Трофим Тимофеевич всё дальше и дальше шагал по тропе. Внизу отдыхало море. Его голубизна теперь была ярче утреннего бирюзового неба.

Вот и мыс. Тенистая аллея из высоких кипарисов привела на опытную станцию, а спустя несколько минут Дорогин, сопровождаемый пожилым человеком, селекционером, которого до этого знал по рассказам Сидора Желнина, оказался в саду, удивившем и обрадовавшем северянина: молодые мандариновые деревца расстилались по земле! Точь-в-точь как яблони в Сибири!

— Да, эту форму кроны мы позаимствовали у сибиряков, — подтвердил селекционер. — И теперь застрахованы от невзгод. Если зимние морозы опять прорвутся на побережье — мы закроем стланцы полотнищами из двух слоёв марли…

Дорогин, сорвал листик с мандарина и положил в записную книжку, — Отвезу своей помощнице. Дочери.

2

Возвращаясь с курорта, Трофим Тимофеевич сошёл с поезда на одной из станций в Курской области. Осмотрелся. Кругом лежали груды битого кирпича, заросшие бурьяном; торчали рыжие печи с полуразвалившимися трубами. Лишь кое-где белели новые дома, уже не с соломенными, как прежде, а шиферными крышами. На месте вокзала, разрушенного бомбёжкой, каменщики возводили фундамент нового здания.

Дорогин купил на базаре варёную курицу и два помидора, прошёл в тополевую рощу и, расстелив газету на корнях дерева, сел завтракать.

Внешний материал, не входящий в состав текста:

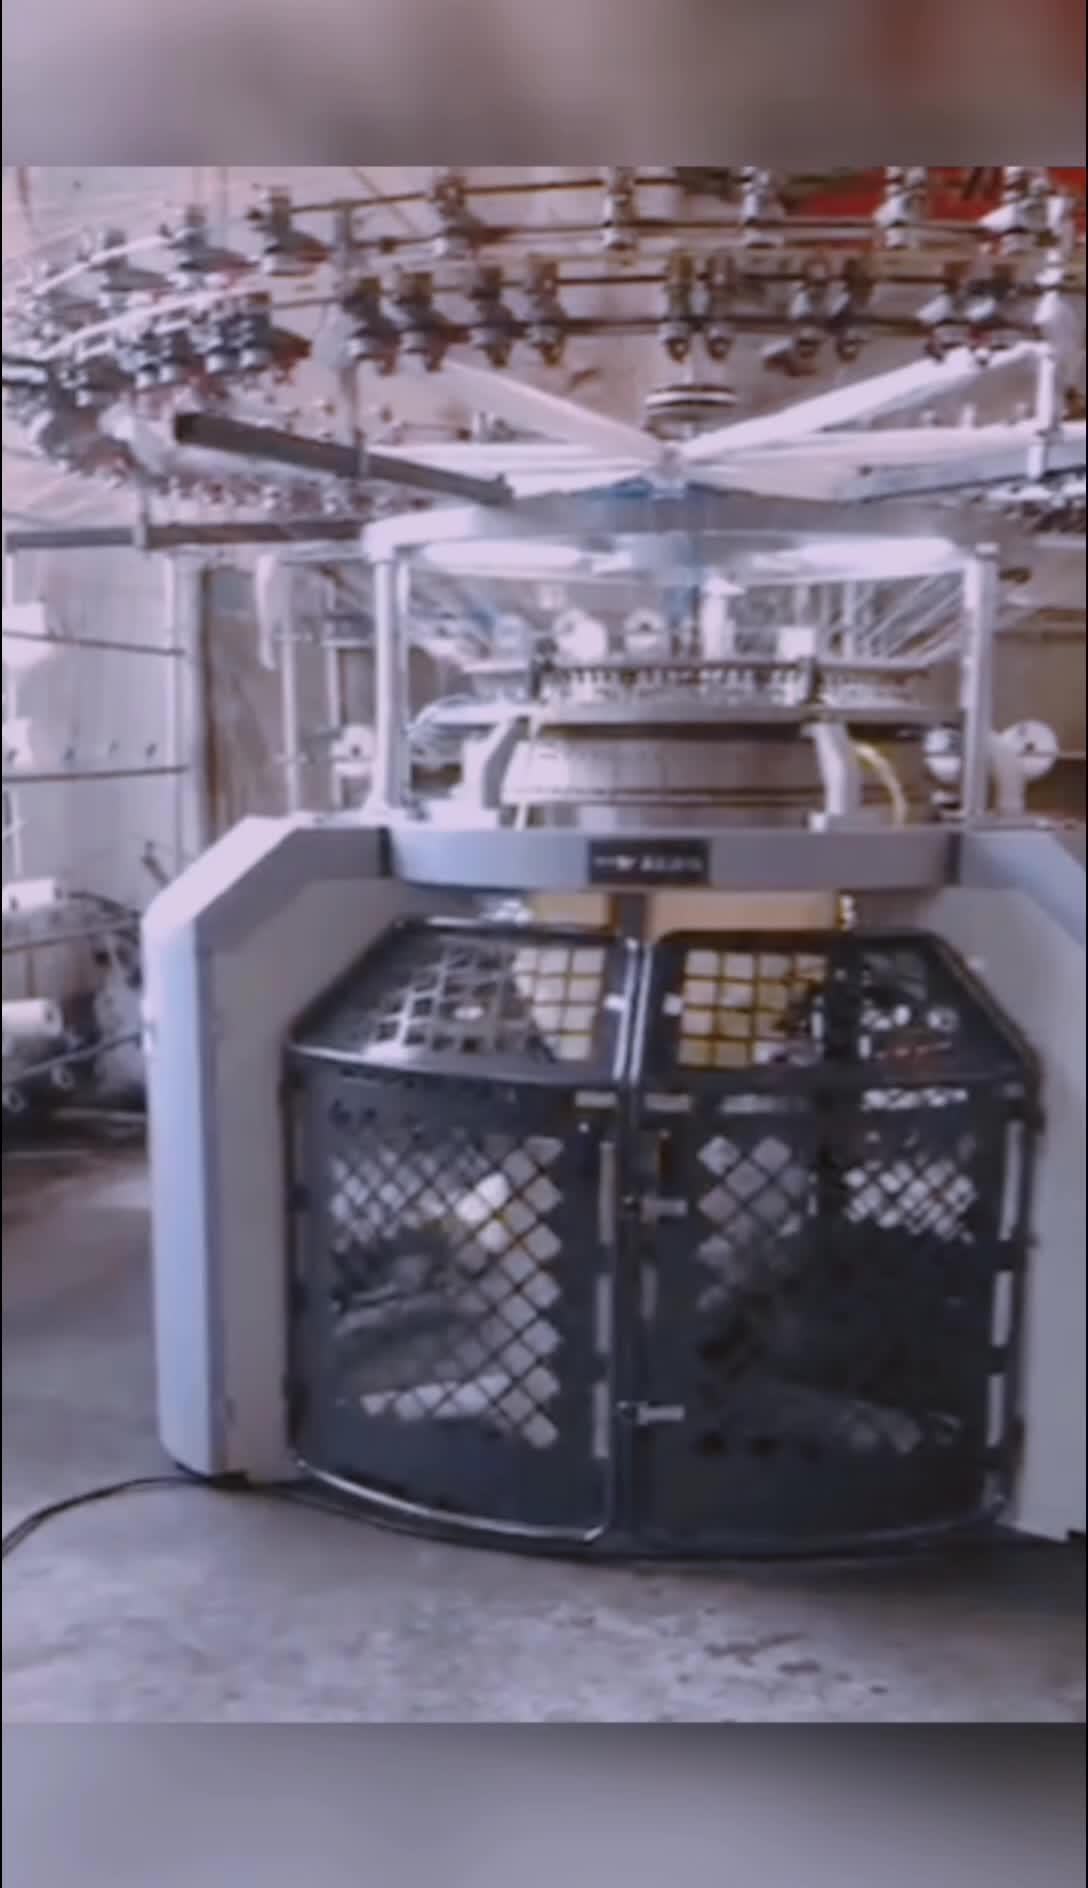 Tutte le Macchine In Diretta Servizio!!! YX-HS3F02 Ad Alta Velocità Singola Maglia di Lavoro A Maglia di Uso Della Macchina Per T-Shirt Uomo Prezzo A Buon Mercato In Cina

С той минуты, как его нога ступила на эту опалённую войной землю, где всё ещё зияли воронки от тяжёлых бомб, он думал о лете 1943 года. Тысячи солдат проходили через рощу, останавливались на короткий привал; прислонив винтовки и автоматы к тополям, доставали сухари из походных мешков, банки с тушёным мясом, солёную кету; наскоро завтракали, запивая водой. Лето стояло знойное. Даже вечерами было душно… На суровых, как возмездие, состаренных гневом и жаркими ветрами, лицах солдат лежала дорожная пыль; выцветшие гимнастёрки пятнами взмокли и потемнели от пота. Может, вот под этим тополем отдыхал Анатолий, когда его часть двигалась к Курской дуге. Он не думал, что ему предстоит совершить только один путь — туда и что обратного — не будет.

Младший из сыновей родился в 1921 году, когда товарищ Анатолий, имя которого воспето в песнях и прославлено в сказаниях, ушёл из жизни…

Грохотал восемнадцатый год. Кружились дикие вихри пожарищ. В городах, на станциях железных дорог полоскались чужеземные флаги. Чёрные ночи, простреливаемые одинокими выстрелами. Пылающие деревни, свист шомполов, стоны женщин, душераздирающие крики детей. Телеграфные столбы, превращённые в виселицы… И, при всём этом, светлая надежда в сердцах людей, вера в торжество правды.

По-осеннему свистел ветер в ветвях деревьев, всю ночь прополаскивал дождём листву, барабанил в окна. На рассвете Трофим Тимофеевич вышел в сад. Он беспокоился за урожай. Непогода могла покалечить яблони, оборвать ещё не снятые плоды. Шёл не спеша. Земля была усыпана ранетками, и приходилось выбирать место, куда ступить. В ветвях сибирки, обрамлявшей сад, наперебой трещали потревоженные дрозды. Судя по всему, мальчишки забрались в сад. Наверно, затаились где-нибудь в ветвях? Трофим Тимофеевич посматривал на деревья и долго не замечал человека, собиравшего падалицу под раскидистой яблоней. И тот, увлечённый сбором, не замечал его. Когда услышал близкие шаги, обронил что-то, а сам юркнул в канаву, по гребню которой росли тополя. Дорогин вздрогнул. В двух шагах от него лежала английская солдатская сумка, полная ранеток! Шевельнув её ногой, он кинул в сторону канавы сердитый упрёк:

— Что ж ты, мил человек, трофеи бросил?!..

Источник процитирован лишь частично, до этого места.